Let $x,y,z\in R$,and $x+y+z=3$
show that: $$(x^2+x+1)(y^2+y+1)(z^2+z+1)\ge 9(xy+yz+xz)$$
Things I have tried so far:$$9(xy+yz+xz)\le 3(x+y+z)^2=27$$ so it suffices to prove that $$(x^2+x+1)(y^2+y+1)(z^2+z+1)\ge 27$$ then the problem is solved. I stuck in here
On
with loss of generality, assume $x\ge y $
consider $f(x, y, z) = (x^2 + x + 1)(y^2 + y + 1) (z^2 + z + 1) - 9 (z(x+y) + xy)$
$$f(x, y, z) \ge f((x+y)/2, (x+y)/2, z)$$
since $$f(x,y,z) - f((x+y)/2, (x+y)/2, z) = (x-y)((z^2 + z + 1)(z -2 - 2xy) + 9)$$
we simply show that
$$(z^2 + z + 1)(z -2 - 2xy) + 9 \ge 0$$
while $z^2 + z + 1 > 0$,
$$(z^2 + z + 1)(z - 2 - 2xy) + 9 \ge (z^2 + z + 1)(z - 2 - \frac{(3 - z)^2}{2}) + 9\\ = \frac{1}{2}(18 - (z^2 + z + 1)(z^2 - 8z +13))$$
and it is quite easy to show that when $0\le z\le 3$,
$$(z^2 + z + 1)(z^2 - 8z +13)\le 18$$ with maximum at $z = 1$.
On
It's enough to prove that $$\prod_{cyc}\left(x^2+\frac{x(x+y+z)}{3}+\frac{(x+y+z)^2}{9}\right)-\frac{(xy+xz+yz)(x+y+z)^4}{9}\geq$$ $$\geq\frac{1}{2916}\left(\sum_{cyc}(5x^3+6x^2y+6x^2z-17xyz)\right)^2.$$ Let $x+y+z=3u$, $xy+xz+yz=3v^2$, where $v^2$ can be negative, and $xyz=w^3$.
Since $$\sum_{cyc}(5x^3+6x^2y+6x^2z-17xyz)=$$ $$=5(27u^3-27uv^2+3w^3)+6(9uv^2-3w^3)-51w^3=135u^3-81uv^2-54w^3$$ and $$54^2=2916,$$ we see that the last inequality is a linear inequality of $w^3$, which says that
it's enough to prove this inequality for an extremal value of $w^3$, which happens
for equality case of two variables.
Since the last inequality is even degree, we can assume $y=z=1$, which gives $$(x-1)^4(x+2)^2\geq0.$$ Done!
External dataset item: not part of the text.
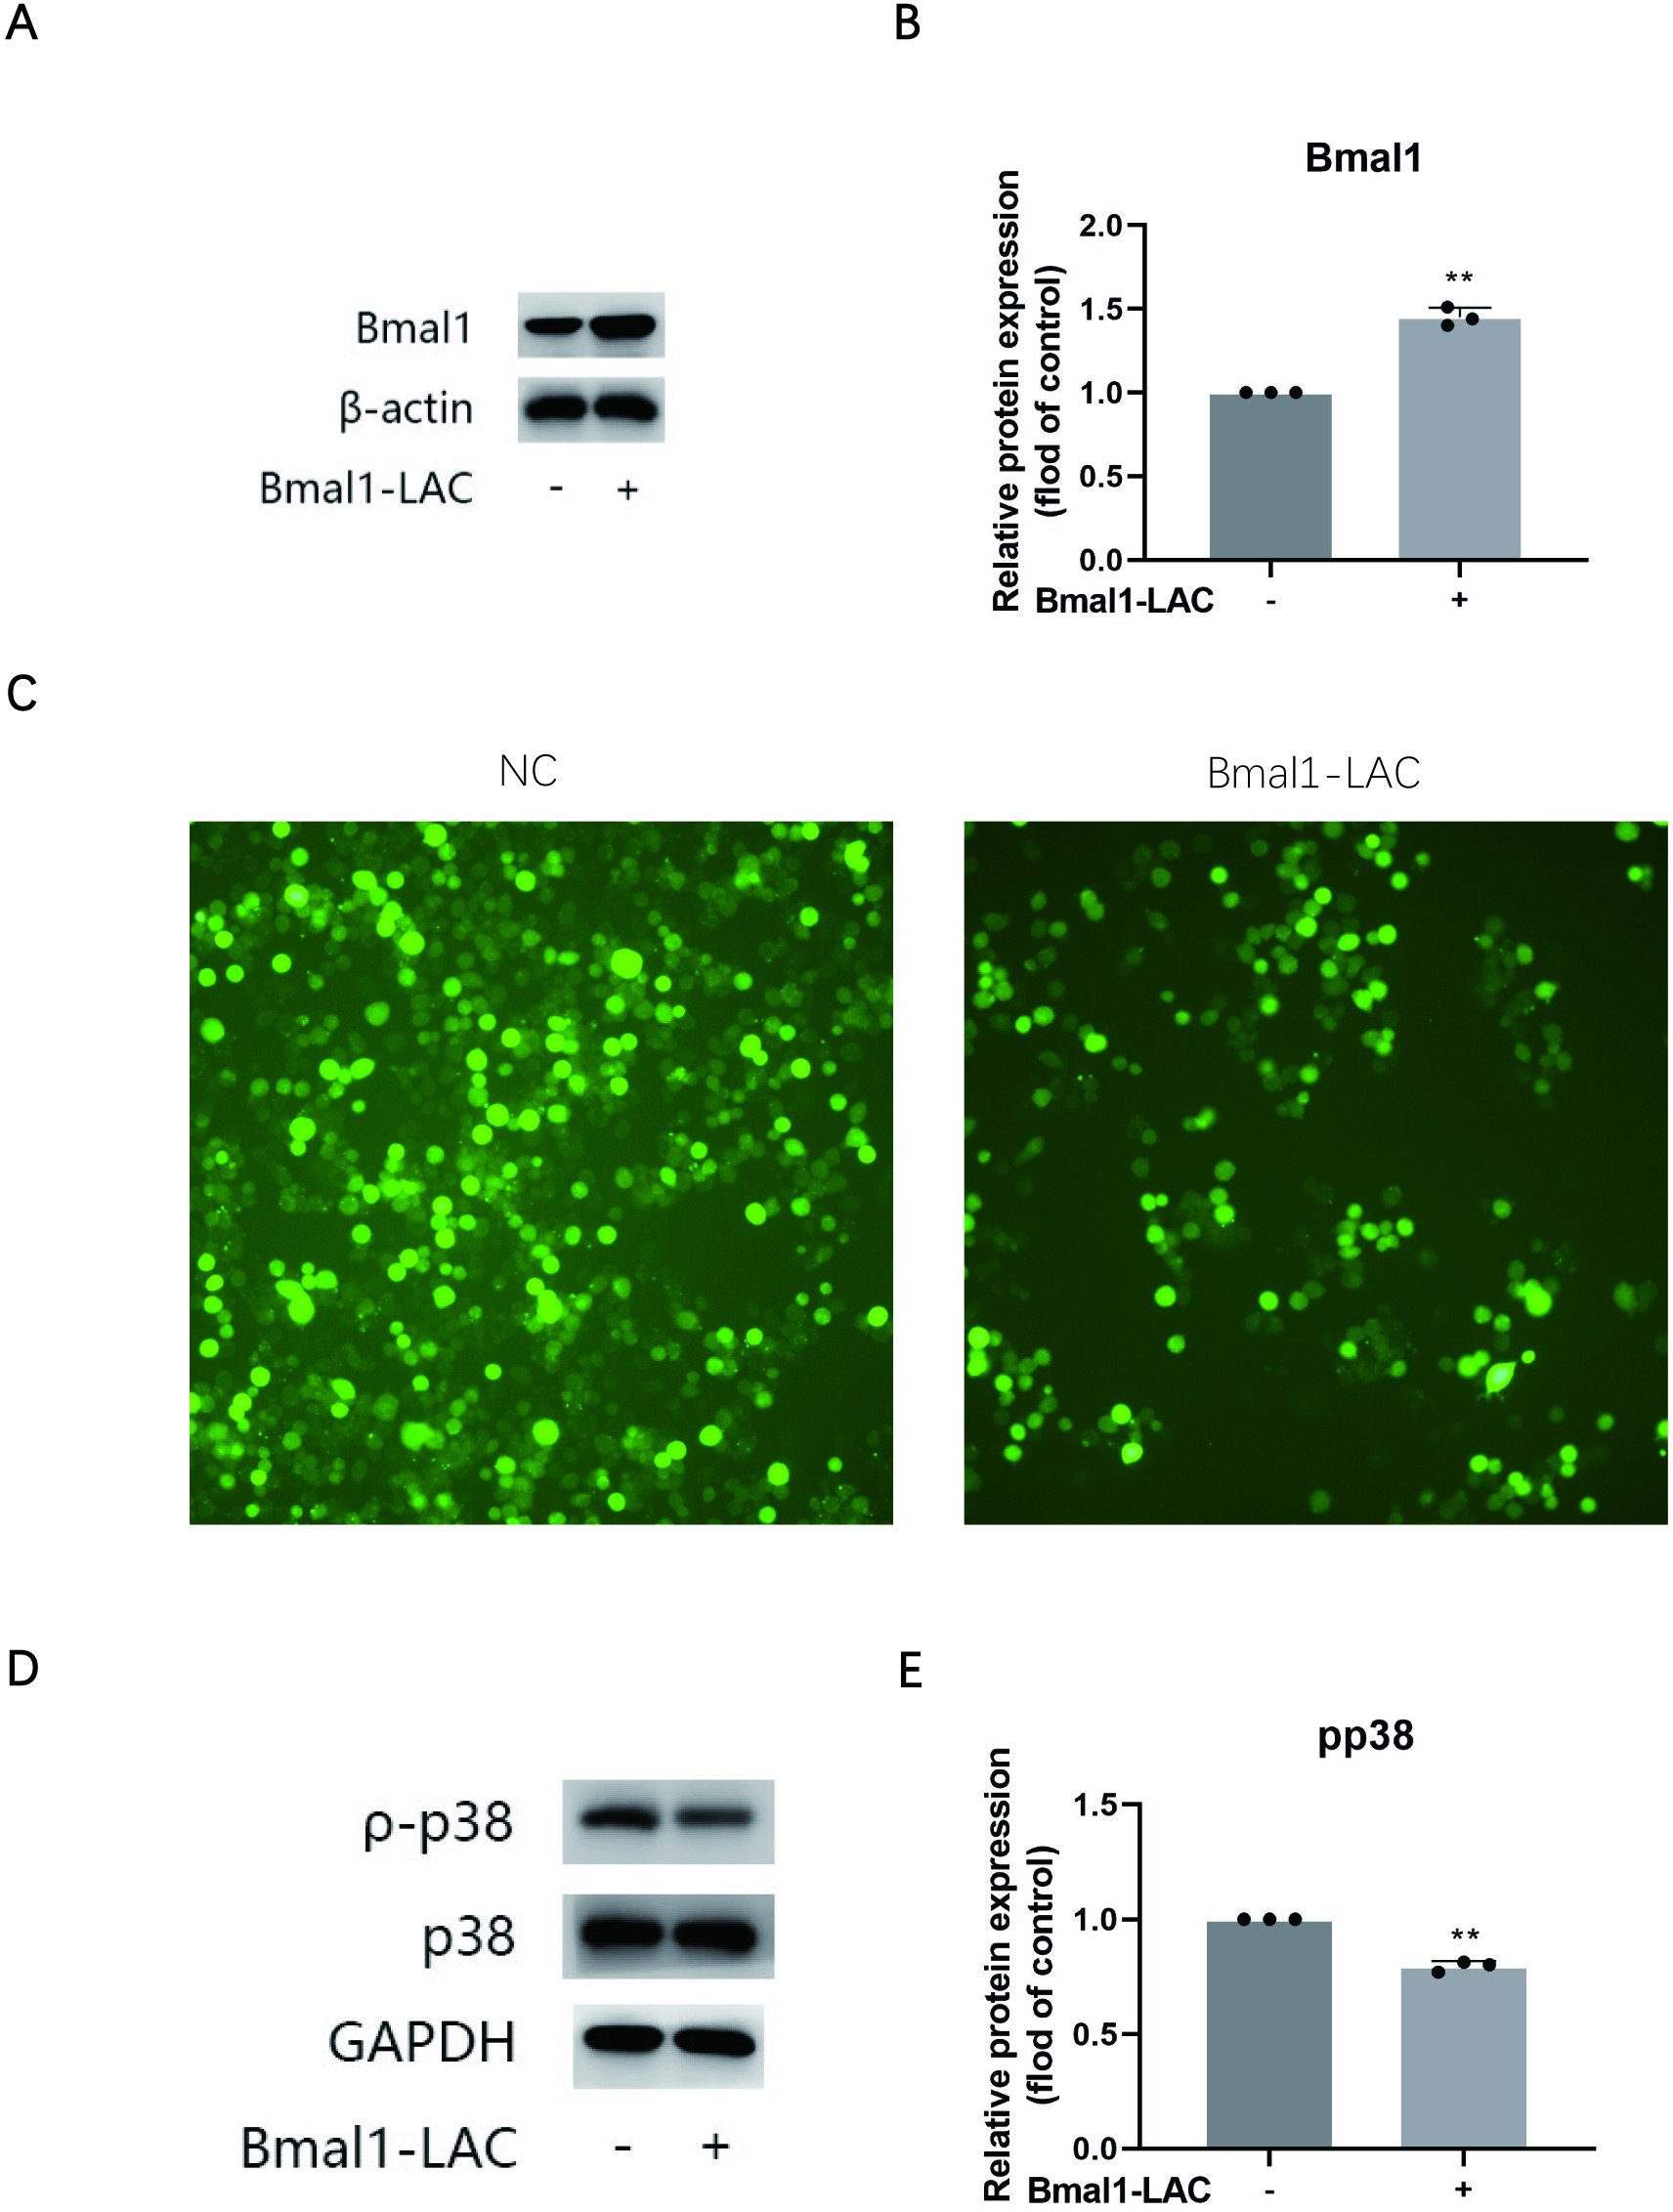 Fig. 7 
            BMAL1 attenuates the activation of reactive oxygen species (ROS) and phosphorylation of p38. a) Protein expression of BMAL1 and β-actin indicated the effect of BMAL1 lentiviral activation particles (BMAL1-LAC). b) Relative protein expression levels of the proteins in a). c) ROS were detected by a fluorescent probe after application with BMAL1-LAC. d) Protein expression of phosphorylated p38, p38, and glyceraldehyde 3-phosphate dehydrogenase (GAPDH) indicated the effect of application with BMAL1-LAC. e) Relative protein expression levels of the proteins in d). Experiments were implemented in triplicate. Data are means and standard deviations; *p < 0.05, **p < 0.01 compared with control cells analyzed by using one-way analysis of variance.

Assume that $x,y,z$ are roots of the polynomial $$ q(w) = w^3-3w^2+s w-p \tag{1}$$ where $s=xy+xz+yz$ and $p=xyz$.
In order that $x,y,z\in\mathbb{R}$, the discriminant of $q$ must be non-negative, hence: $$ 54ps + 9s^2 \geq 4s^3+27p^2+108 p.\tag{2}$$ On the other hand, $2x+1,2y+1,2z+1$ are roots of the monic polynomial $8\cdot q\left(\frac{w-1}{2}\right)$, hence $(2x+1)^2,(2y+1)^2,(2z+1)^2$ are roots of the monic polynomial:
$$ w^3 + (8s-51) w^2 + (99-144 p+48 s+16 s^2) w + (-49 - 112 p - 64 p^2 - 56 s - 64 p s - 16 s^2) $$ and $4(x^2+x+1),4(y^2+y+1),4(z^2+z+1)$ are roots of the previous polynomial evaluated at $w-3$. Viete's theorem hence gives:
$$\prod_{cyc}(x^2+x+1) = 13-5 p+p^2+2 s+p s+s^2\tag{3}$$ and our problem boils down to proving that: $$ 13+p^2+p s+s^2 \geq 7s+5p.\tag{4} $$ However, that is trivial since the quadratic form $p^2+ps+s^2-7s-5p+13$ is positive definite and achieve its minimum, zero, at $(p,s)=(1,3)$.